So far I have managed to read in a folder of excel files:
filenames <- list.files( "file path here", pattern="\\.xls$", full.names=TRUE)
and I have looped through the different files, reading each worksheet of each file
for (i in 1:length(filenames)){
tmp<-loadWorkbook(file.path(filenames[i],sep=""))
lst<- readWorksheet(tmp,
sheet = getSheets(tmp), startRow=5, startCol=1, header=TRUE)}
What I think I want to do is to loop through the files in filenames and then take the worksheets with the same index (eg. the 1st worksheet of the all the files, then the 2nd worksheet of all the files etc.) and save these to a new workbook (the first workbook containing all the 1st worksheets, then a second workbook with all the 2nd worksheets etc.), with a new sheet for each original sheet that was taken from the previous files and then use
for (sheet in newlst){
Count<-t(table(sheet$County))}
and apply my function to the parameter Count.
Does anyone know how I can do this or offer me any guidance at all? Sorry if it is not clear, please ask and I will try to explain further! Thanks :)
If I understand your question correctly, the following should solve your problem:
require(XLConnect)
# Example: workbooks w1.xls - w[n].xls each with sheets S1 - S[m]
filenames = list.files("file path here", pattern = "\\.xls$", full.names = TRUE)
# Read data from all workbooks and all worksheets
data = lapply(filenames, function(f) {
wb = loadWorkbook(f)
readWorksheet(wb, sheet = getSheets(wb)) # read all sheets in one go
})
# Assumption for this example: all workbooks contain same number of sheets
nWb = sapply(data, length)
stopifnot(diff(range(nWb)) == 0)
nWb = min(nWb)
for(i in seq(length.out = nWb)) {
# List of data.frames of all i'th sheets
dout = lapply(data, "[[", i)
# Note: write all collected sheets in one go ...
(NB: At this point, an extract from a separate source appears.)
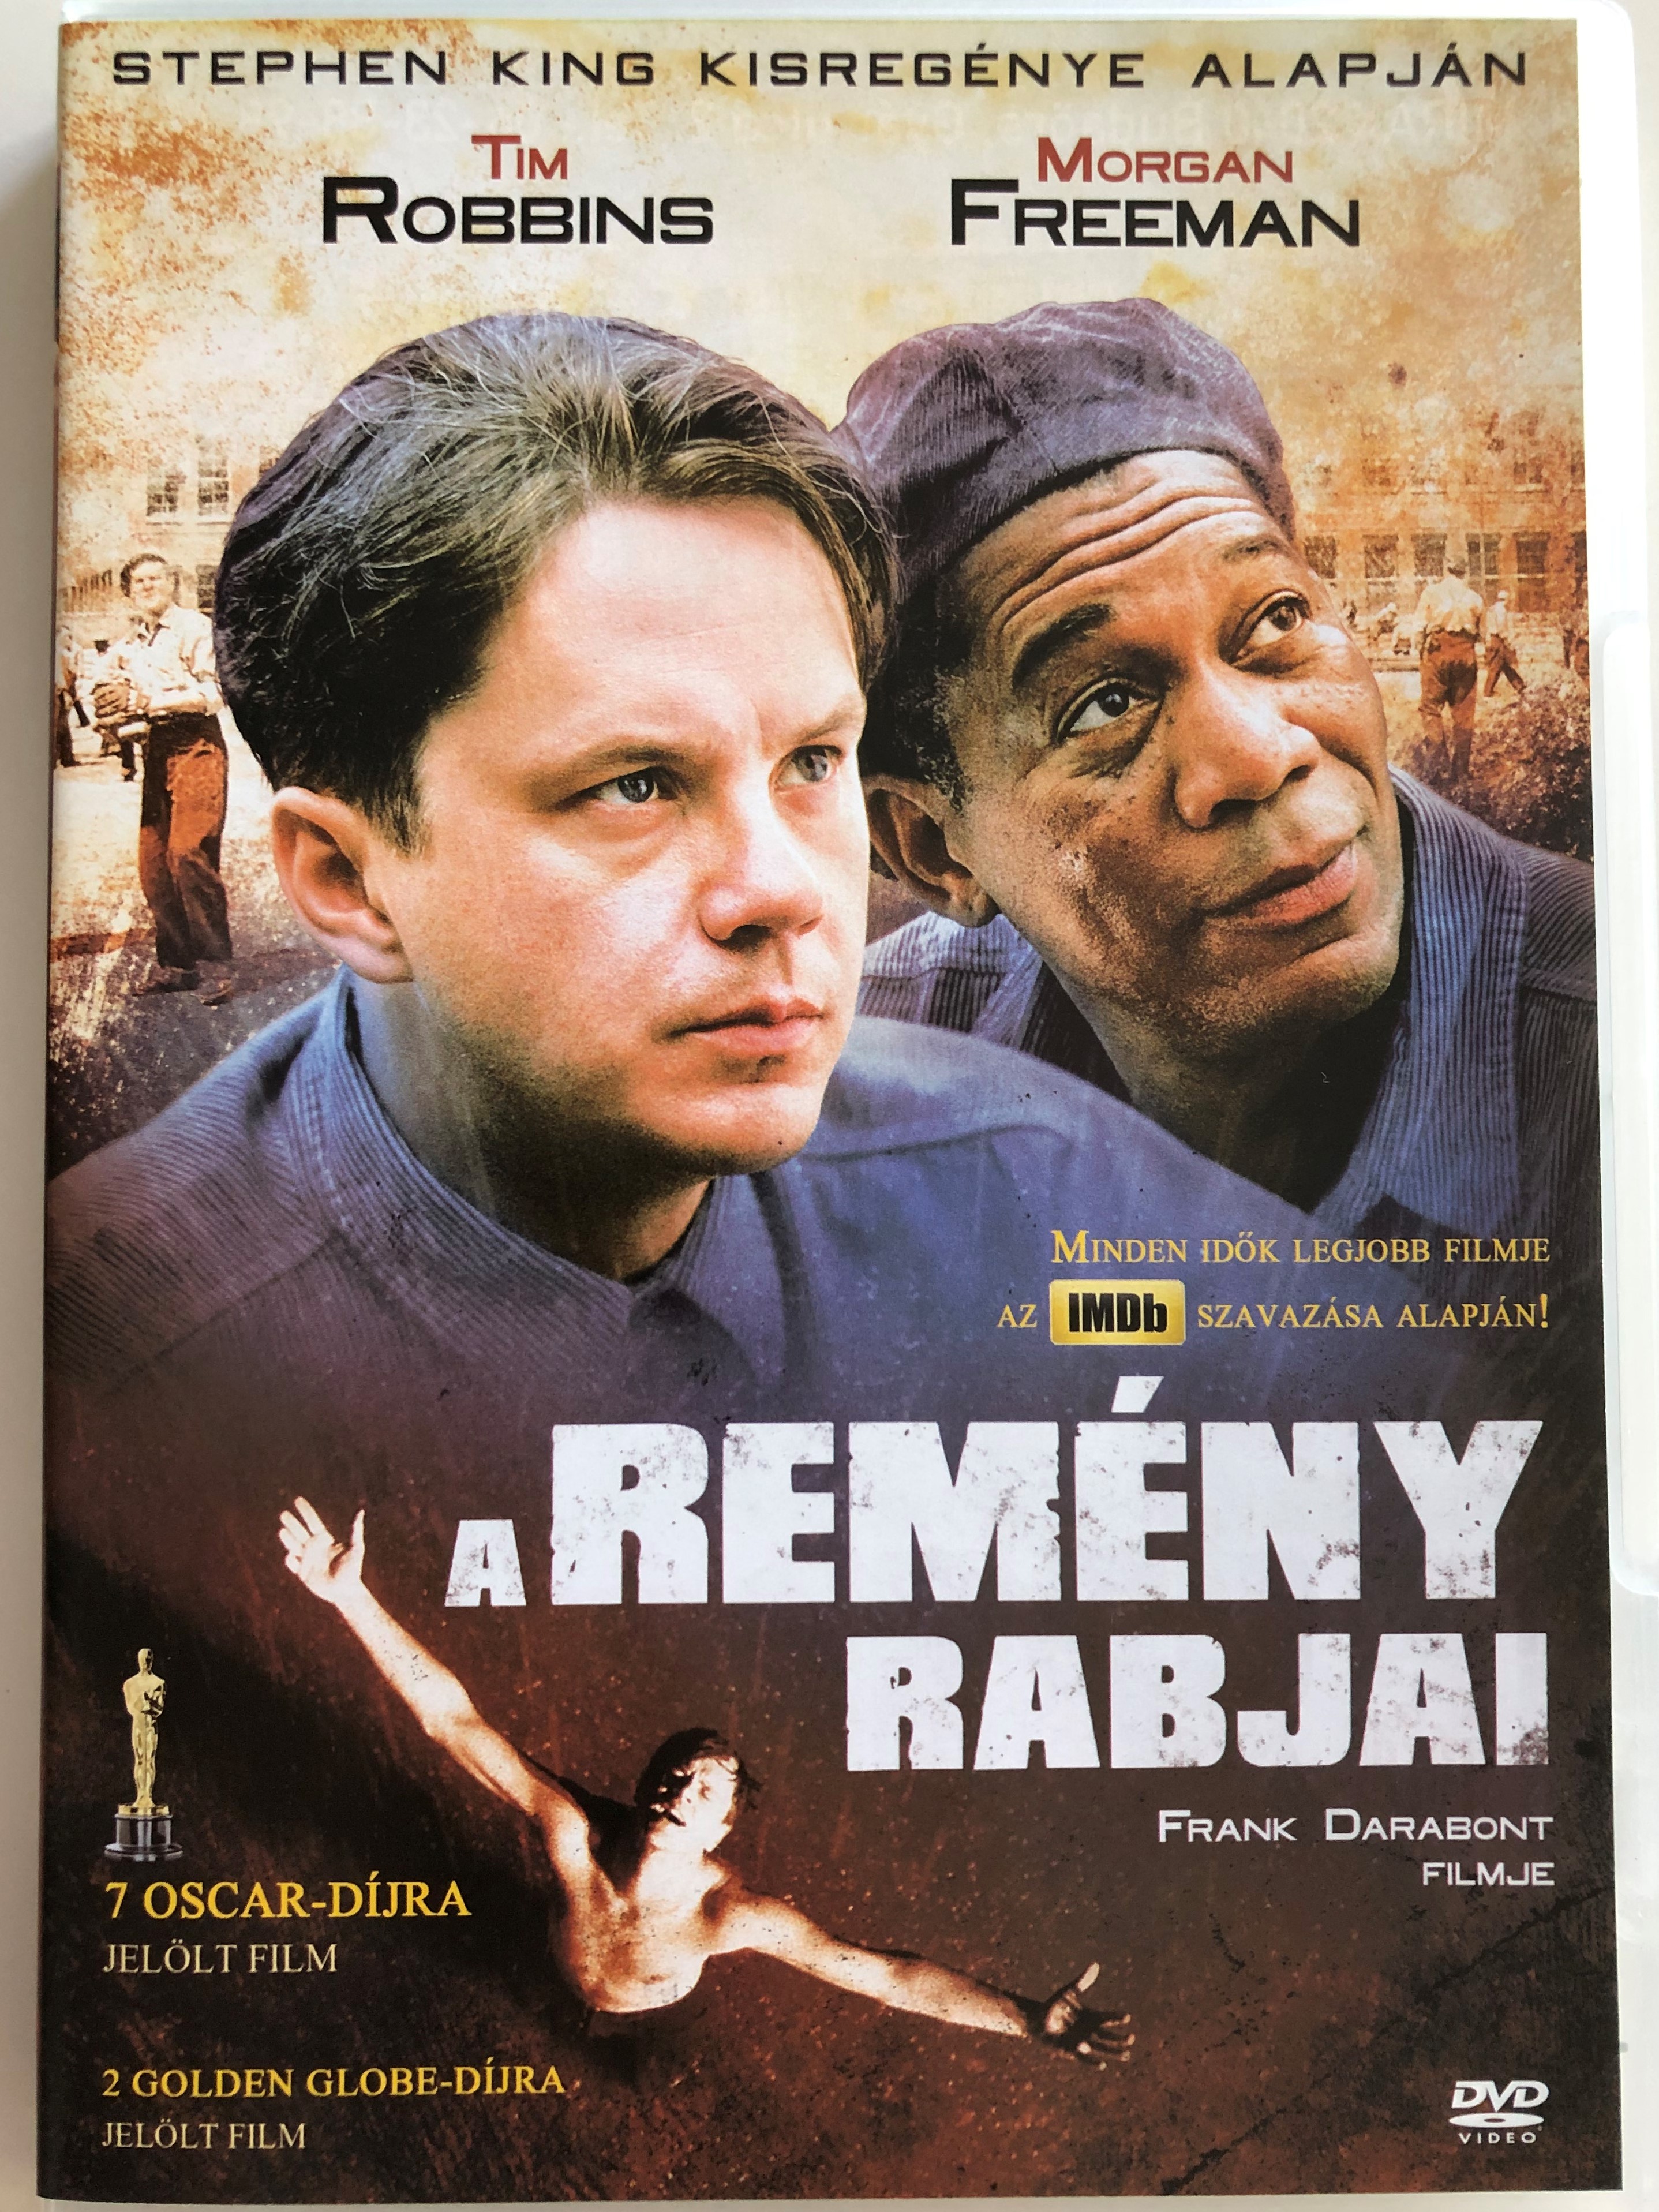 the-shawshank-redemption-dvd-1994-a-rem-ny-rabjai-directed-by-frank-darabont-starring-tim-robbins-morgan-freeman-bob-gunton-william-sadler-1-.jpg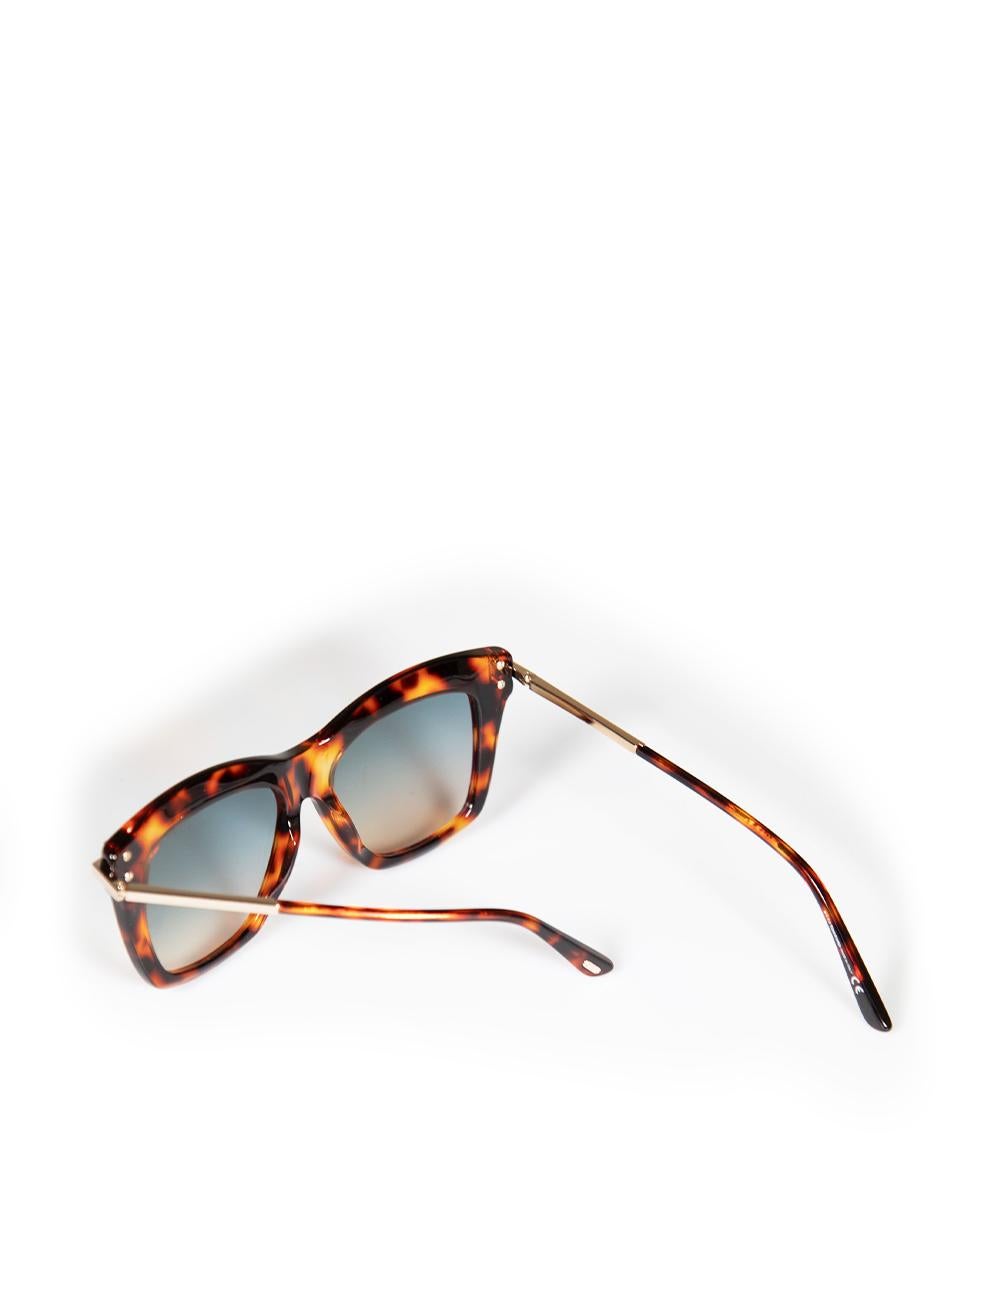 Tom Ford Coloured Havana Tortoiseshell Dasha Sunglasses For Sale 3

writeWorksheetToFile(file = paste0("wout", i, ".xls"), data = dout,
sheet = paste0("Sout", seq(length.out = length(data))))
}
using gdata/xlsx might be for the best. Even though it's the slowest out there, it's one of the more intuitive ones.
This method fails if the excels are sorted differently.
Given there's no real example, here's some food for thought.
Gdata requires perl to be installed.
library(gdata)
filenames <- list.files( "file path here", pattern="\\.xls$", full.names=TRUE)
amountOfSheets <- #imput something
#This snippet gets the first sheet out of all the files and combining them
readXlsSheet <- function(whichSheet, files){
for(i in seq(files)){
piece <- read.xls(files[i], sheet=whichSheet)
#rbinding frames should work if the sheets are similar, use merge if not.
if(i == 1) complete <- piece else complete <- rbind(complete, piece)
}
complete
}
#Now looping through all the sheets using the previous method
animals <- lapply(seq(amountOfSheets), readXlsSheet, files=filenames)
#The output is a list where animals[[n]] has the all the nth sheets combined.
xlsx might only work on 32bit R, and has it's own fair share of issues.
library(xlsx)
filenames <- list.files(pattern="\\.xls$", full.names=TRUE)
amountOfSheets <- 2#imput something
#This snippet gets the first sheet out of all the files and combining them
readXlsSheet <- function(whichSheet, files){
for(i in seq(files)){
piece <- read.xlsx(files[i], sheetIndex=whichSheet)
#rbinding frames should work if the sheets are similar, use merge if not.
if(i == 1) complete <- piece else complete <- rbind(complete, piece)
}
complete
}
readXlsSheet(1, filenames)
#Now looping through all the sheets using the previous method
animals <- lapply(seq(amountOfSheets), readXlsSheet, files=filenames)